Professor Chris Whitty: On climate, my view is that how important climate is for health depends on both your geography and over what timeframe. If you are talking about a relatively short period in the northern hemisphere in an area like the UK, my view is that the impact on health is marginal; it is not zero, but it is relatively modest. If I was in the Sahel, there would already be a very significant difference.

Baroness Sheehan: May I stop you there? We are talking about life expectancy rather than health.

Professor Chris Whitty: It is true for both. It is true whether we are talking about life expectancy or healthy life expectancy. If we are projecting more than 100 years, my view is that climate change becomes a much more important issue over that timeframe. Climate change moves relatively slowly, and the impact of the difference in the UK at this point is relatively modest. I am not claiming that there is no big importance globally, and I am not saying that there is no big importance over the longer term.

Baroness Sheehan: But there are spikes in death rates, are there not, when we have extreme weather? In the very hot summer last year there was a spike in death rates, and we have seen spikes in death rates over very cold winters. To what extent is that reflected in these figures?

Professor Chris Whitty: That is absolutely true, but they tend to be smoothed out if you take a rolling three-year average. You are absolutely right about very hot summers and very cold winters. Infectious things such as flus and adenoviruses also tend to lead to very short-term variations over time. And you are absolutely right again, obviously, that the variation is likely to change over time because of climate change.

Baroness Sheehan: Indeed, but that acceleration in change is increasing, is it not?

Professor Chris Whitty: It is, but I do not want to exaggerate how big the effect would be and the numbers over this timeframe.

Baroness Sheehan: Right. I just wanted to ask whether you had looked into that.

Professor Chris Whitty: Yes.

Baroness Sheehan: Okay. Excellent.

Viscount Ridley: Just on that point, can you confirm that winter mortality is still higher than summer mortality in all the recent years in the UK?

Professor Chris Whitty: Correct. That is not just to do with temperature; a lot of that is to do with infection. But the statement of fact is: absolutely, yes.

Q4                Baroness Manningham-Buller: Thank you, Professor Whitty, for your introduction. It was very helpful.

Would you be willing to drill down a bit into the healthy life expectancy and the inequalities in this?
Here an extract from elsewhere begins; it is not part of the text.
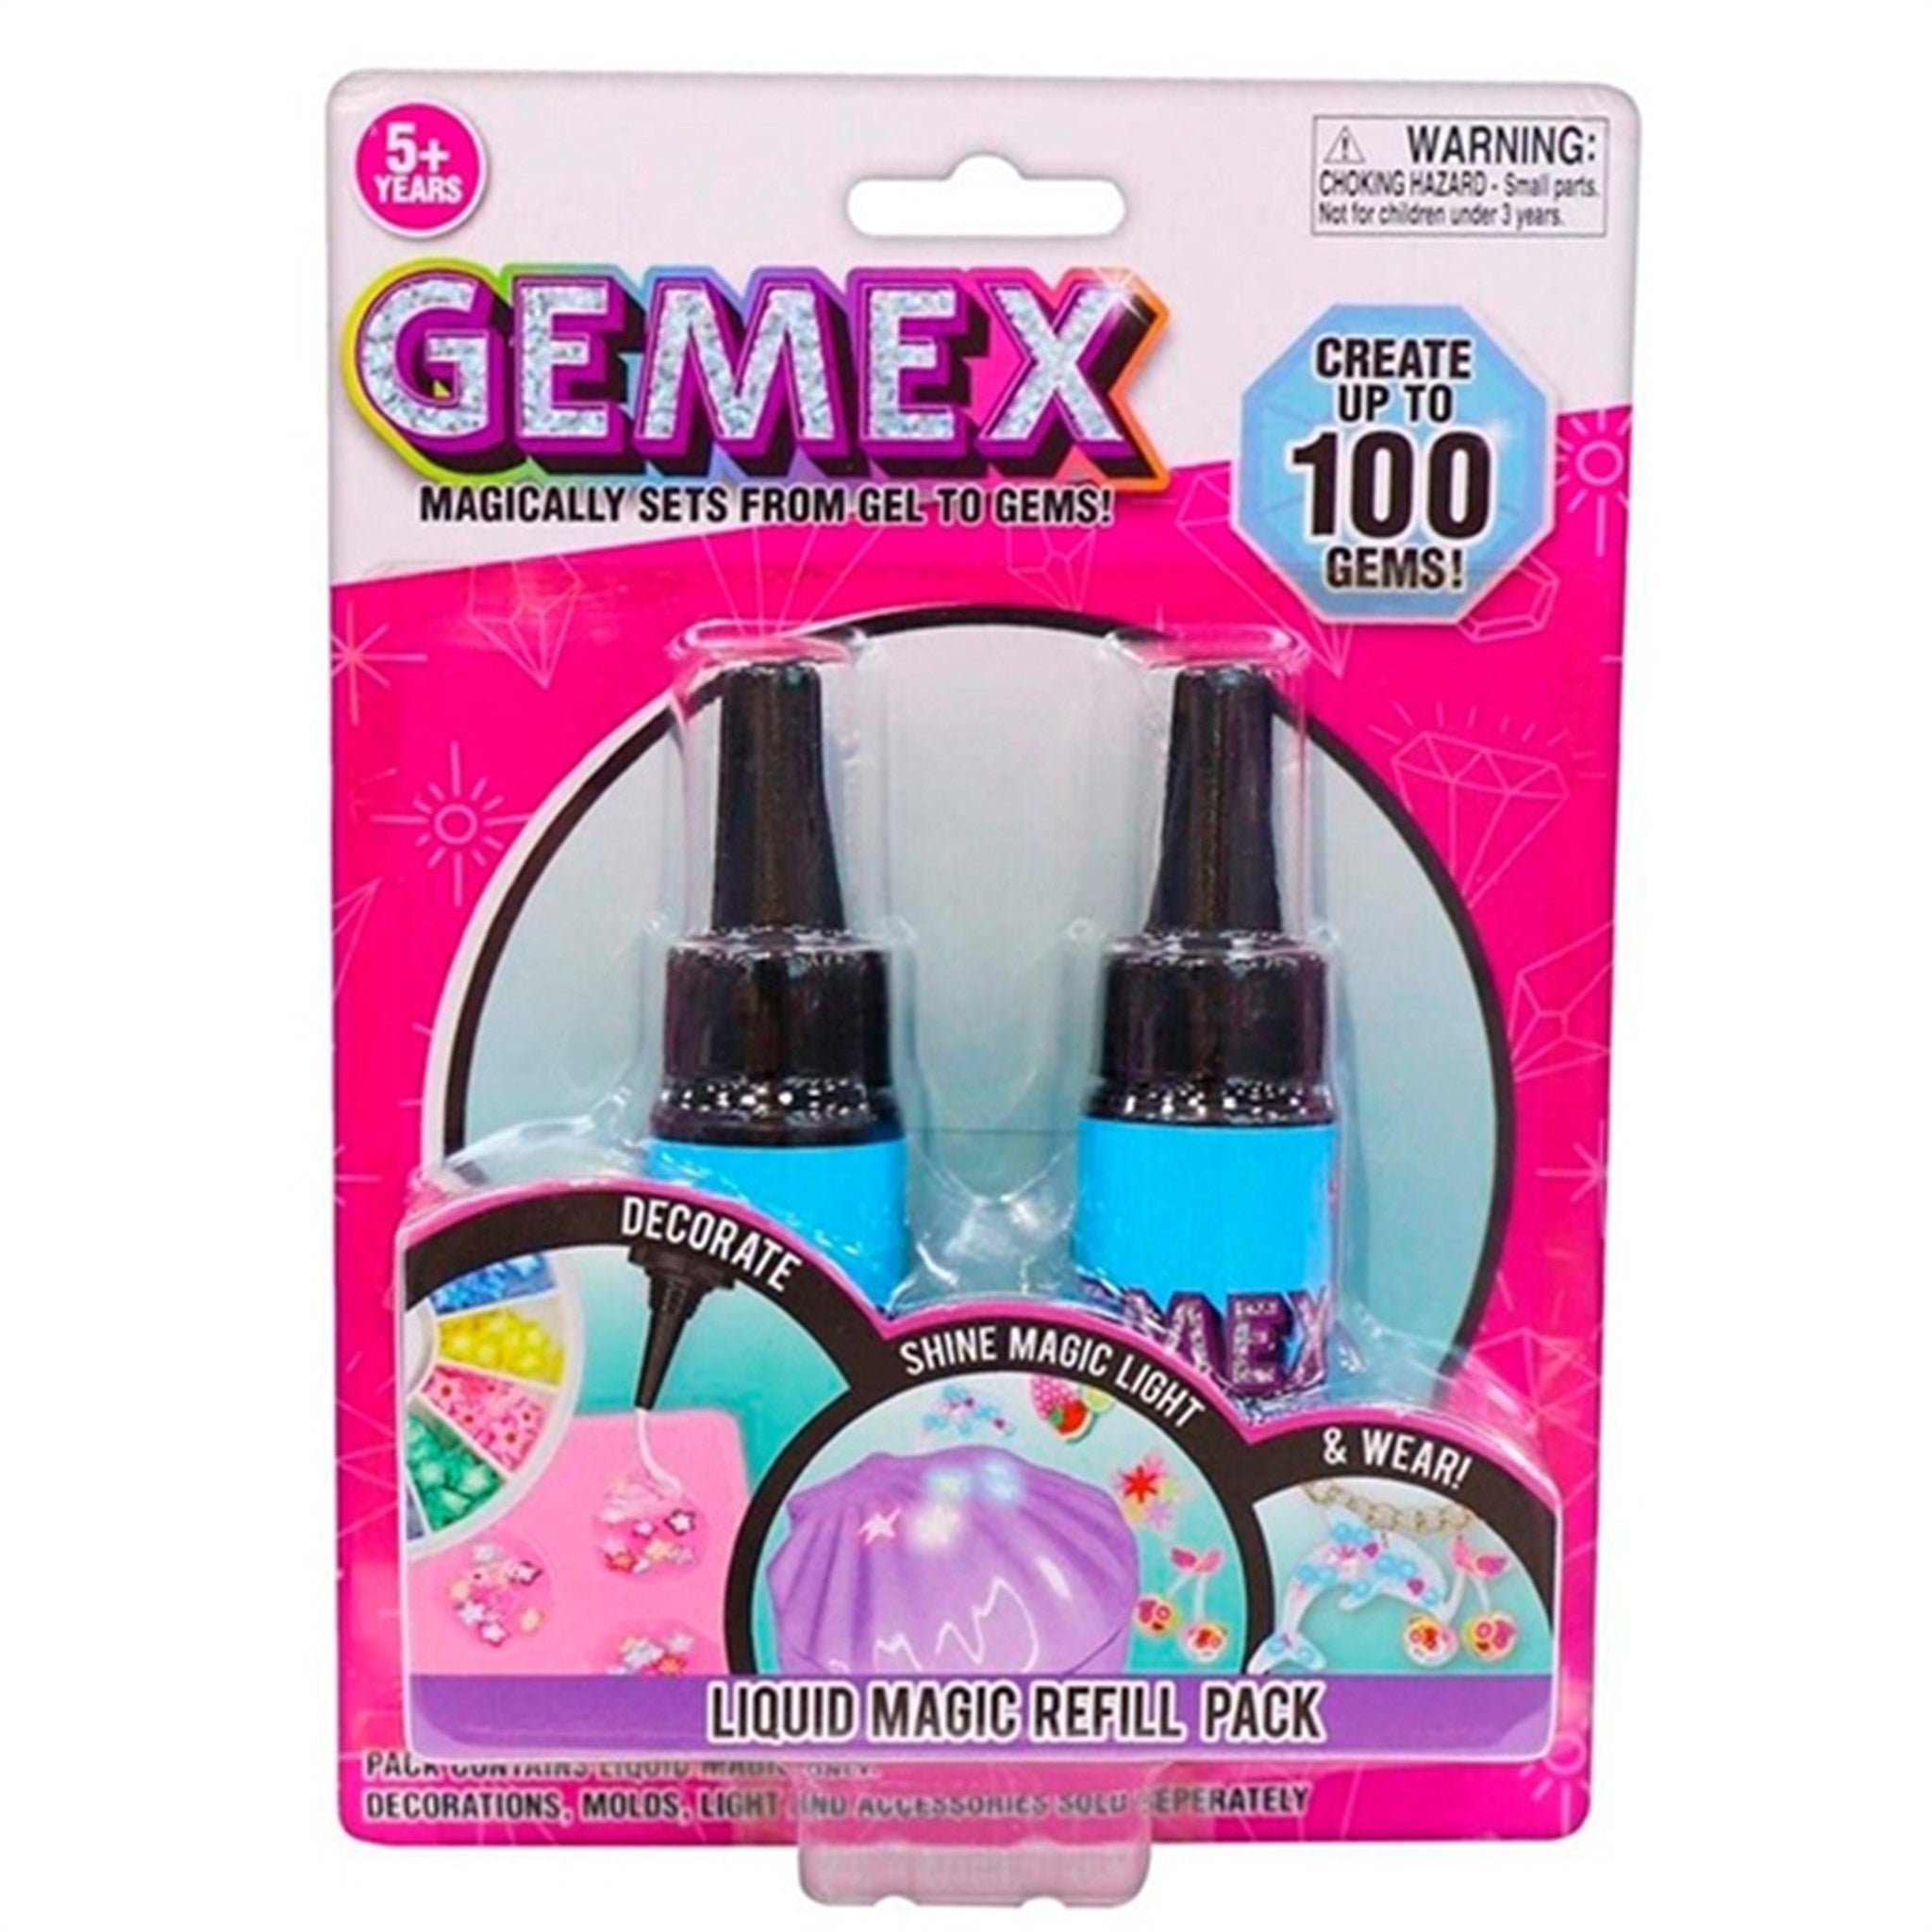 Gemex Liquid Magic Refill Pack

You mentioned that we must not be too general about this, because it varies so dramatically. Could you expand on the reasons for those dramatic difficulties as you are aware of them in the Department of Health?

Professor Chris Whitty: If I may, I will start with the differences in mortality, because those are hard, in a sense, and then I will come on to difficulties in healthy life expectancy, because that is a bit more subjective.

 

If we look at male differences, the life expectancy for the most deprived decile is currently at 73.9 and the least deprived is at 83.3 at this point in time. I will give examples of the conditions that cumulatively make up that difference, starting with the ones with the biggest effect and then going down. Heart disease is the biggest at 1.49 years; then lung cancer at 0.93; then chronic lower respiratory conditions at 0.92. All of those are very strongly driven by smoking, to be clear. Then there is cirrhosis at 0.57—I think everyone knows that that is a combination of alcohol and obesity; then pneumonia and influenza, which is a mixed bag, although smoking also contributes; then stroke—back to smoking again; and then other.

The female differences are a slightly different list, but the list is basically pretty similar. The point is that some quite amenable things drive potentially quite a lot of this difference. I am not claiming that all those differences are driven by smoking, obesity and alcohol, but they are three targets that we could have—among several others; there are many other things as well.

Baroness Manningham-Buller: Those are some of the things. On the things that are about wealth and deprivation, are the bad figures all from deprived areas, or does that not work either? Or does that work?

Professor Chris Whitty: There is clearly an advantage to being a wealthier person, or a less deprived person, anywhere you are. There is also, all other things being equal, an advantage to being the same person in a less deprived area. That is true globally and in the UK. It cuts both ways. If some of the people from north Kensington who were talked about earlier moved to Chelsea and Kensington, they might have a slightly different outcome, despite all other things being equal.

Baroness Manningham-Buller: What about ethnicity? Do we see patterns in ethnicity?

Professor Chris Whitty: We see very clear patterns certainly in both mortality and healthy life expectancy in ethnicity. The first thing to say is that they collocate to a large degree with deprivation at this point in time, so you need to be careful not to overinterpret that, but there is definitely a significant gradient.

Interestingly, once you look to perception of ill health, it is not completely predictable. I think people just assume that it is ethnic minority groups who have a greater perception of ill health.

Baroness Manningham-Buller: Sorry, who have what?

Professor Chris Whitty: A greater perception of having ill health in later life. Take the female data, for example; male data is slightly different. The groups with the highest perception of ill health tend to be Traveller and Gypsy minority groups, and then Bangladeshi and Pakistani-heritage groups. On the other hand, the Chinese population, and actually the black African population, have a better perception of health than the general white population.

These things are not completely linear, and when it comes to the mortality data a lot is driven by deprivation issues. If you control for deprivation, a lot of the differences tend to decrease.

Baroness Manningham-Buller: You have just introduced, to me certainly, a slightly new concept that confuses it, which is one’s perception as opposed to whether one is ageing healthily. How do you measure and judge perception?

Professor Chris Whitty: You ask people, and they will give a view. To be clear, the data I gave on healthy life expectancy is based on self-perceived health. All these official data are still driven by perception, and different groups may see things differently or answer questions differently, so it is very important to be quite careful about interpreting them. The point I am making is that it is not: if you are a minority it is all a lot worse than if you are in the white British population. It is more complicated.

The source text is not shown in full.